- Born: December 31, 1972 (age 53) Ahar, East Azerbaijan, Iran
- Citizenship: Swedish/Iranian
- Education: Shiraz University
- Occupations: lawyer, human rights defender
- Political party: Azerbaijan Central Party
- Spouse: Maryam Faroughy Qajar

= Saleh Kamrani =

Iranian-Swedish lawyer, human rights defender, and politician

Saleh Kamrani (صالح کامرانی, صالح کامرانی/Saleh Kamrani; born 1972) is an Iranian-Swedish human rights lawyer, lobbyist, and politician of Iranian Azerbaijani origin. He is regarded as prisoner of conscience by Amnesty International. Kamrani defended Iranian politicians and activists like Mohsen Sazegara, Yousef Azizi Bani-Torof and many others. He was repeatedly threatened for his activities and persecuted by Iranian security services and was abducted in 2006. He was sentenced to one year in prison, and after serving his sentence, he was forced to flee Iran, and move to Sweden, where he founded the Azerbaijan Central Party and AzNews TV (ANT), the most influential TV channel of northwestern Iran gathering 50 million viewers a month .

== Early life ==
Saleh Kamrani was born on 31 December 1972, in the city of Ahar, East Azerbaijan of Iran, in an Iranian Azerbaijani family. After graduating from high school, he entered the law faculty of Shiraz University. While studying there, Kamrani began to conduct Azerbaijani language and literature courses in the university's dormitory. Kamrani also received a master's degree from Shiraz University.

== Career and political activities ==
Kamrani began his career after completing his military service. He participated in the establishment of the Shiraz University Turkic Language Students Association and the editor-in-chief of the Azerbaijani and Persian-language newspaper Savalan. Kamrani later represented a number of Iranian Azerbaijani activists who were detained in connection with their political or cultural activities, including Gholam Reza Amani, Abbas Lisani, Hamid Iman, Seyyed Javad Mousavi, Hidayat Zakir, Maharam Kamrani, Ibrahim Savalan, Saleh Molla Abbasi, Javad Abbas, and Abbas Nik Ravan, defending them in the court as their lawyers. He also defended Iranian politicians like Mohsen Sazegara, and also the Ahwazi Arabs activists, including Yousef Azizi Bani-Torof.
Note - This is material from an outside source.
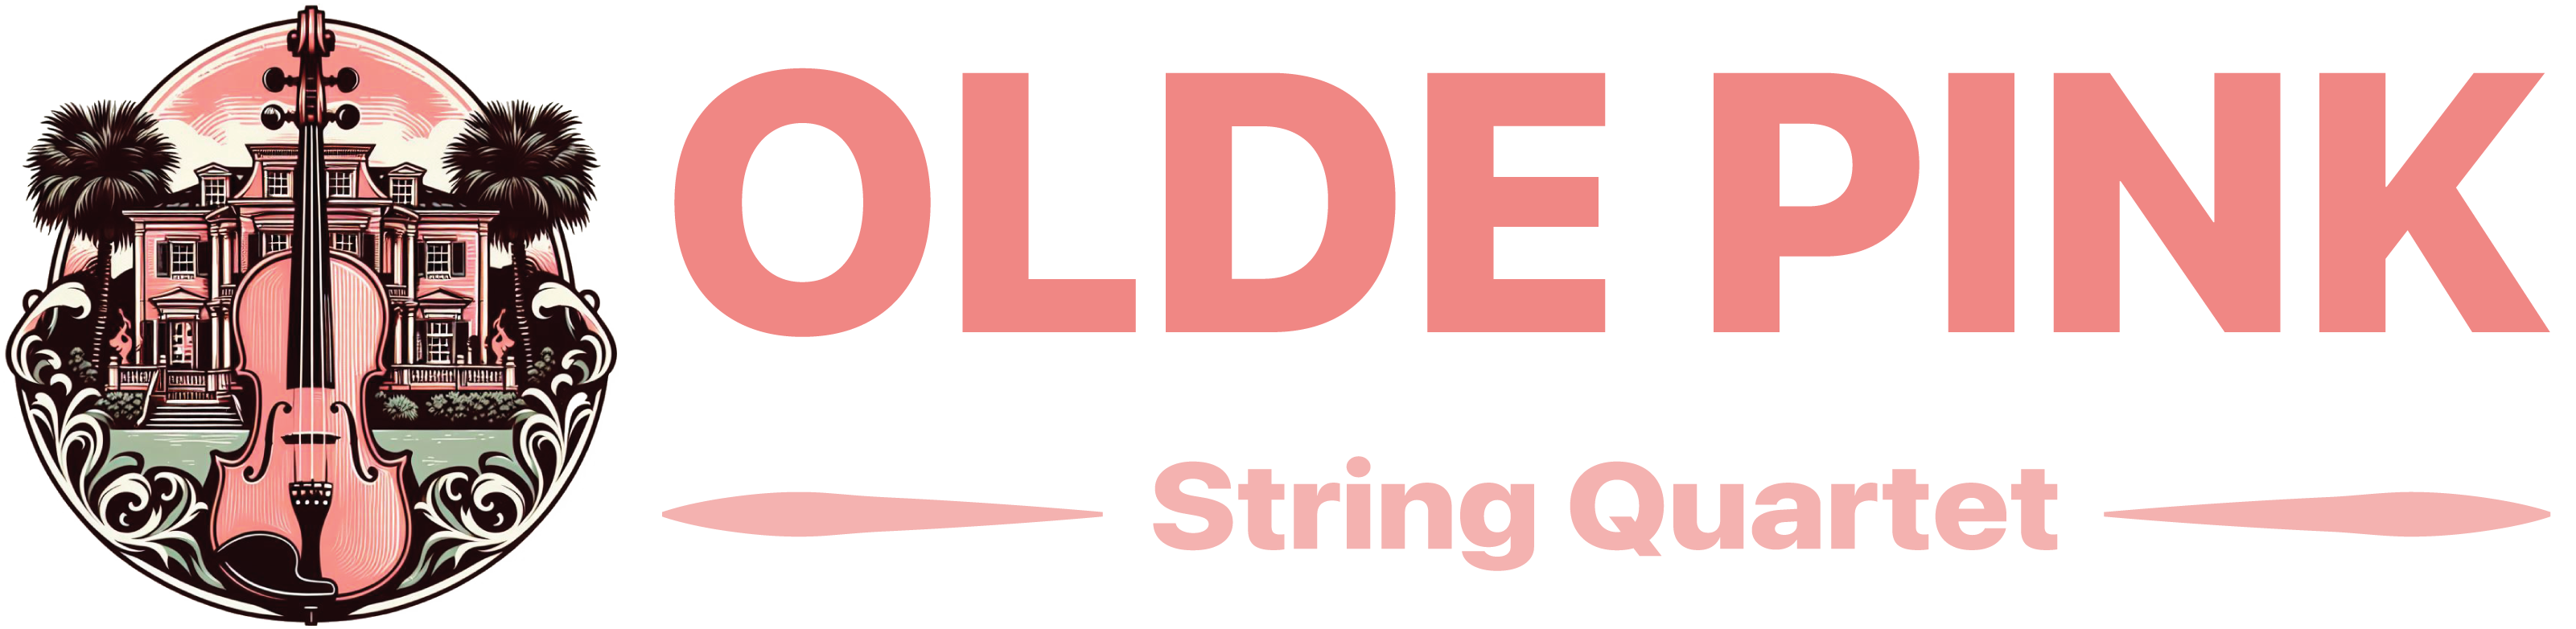 Olde Pink String Quartet Logo

Kamrani was repeatedly threatened for his activities and persecuted by Iranian security services. He went to Urmia in 2005 with his brother, Maharam Kamrani, the founder of the Azerbaijani-language student newspapers Bakhish and Oyanish, to defend another activist in court. In the middle of the night, the Iranian security services raided his house, detaining him and his brother. Although they were released a few days later, his brother was later detained again. After the violent suppression of Iranian Azerbaijani protesters over the cockroach controversy in 2006 and the deaths of dozens of protesters, Kamrani formed a group called the Committee to Protect National Rights and began giving interviews to various international television and radio stations. He was then abducted by the Iranian security services on 14 June 2006, on his way home from Tehran. Although his whereabouts were unknown for several days, it was later revealed that he was being held in Evin Prison. This was confirmed on 19 June by his family members. Although he was released in 2007, he was again detained on 18 August of that year and sentenced to one year in prison. After his release, he was forced to flee the country again because of persecution and threats. He left the country in 2010 and moved to Sweden. There, he began giving interviews to a number of international channels as an independent expert, and founded the Azerbaijan Central Party and AnT TV.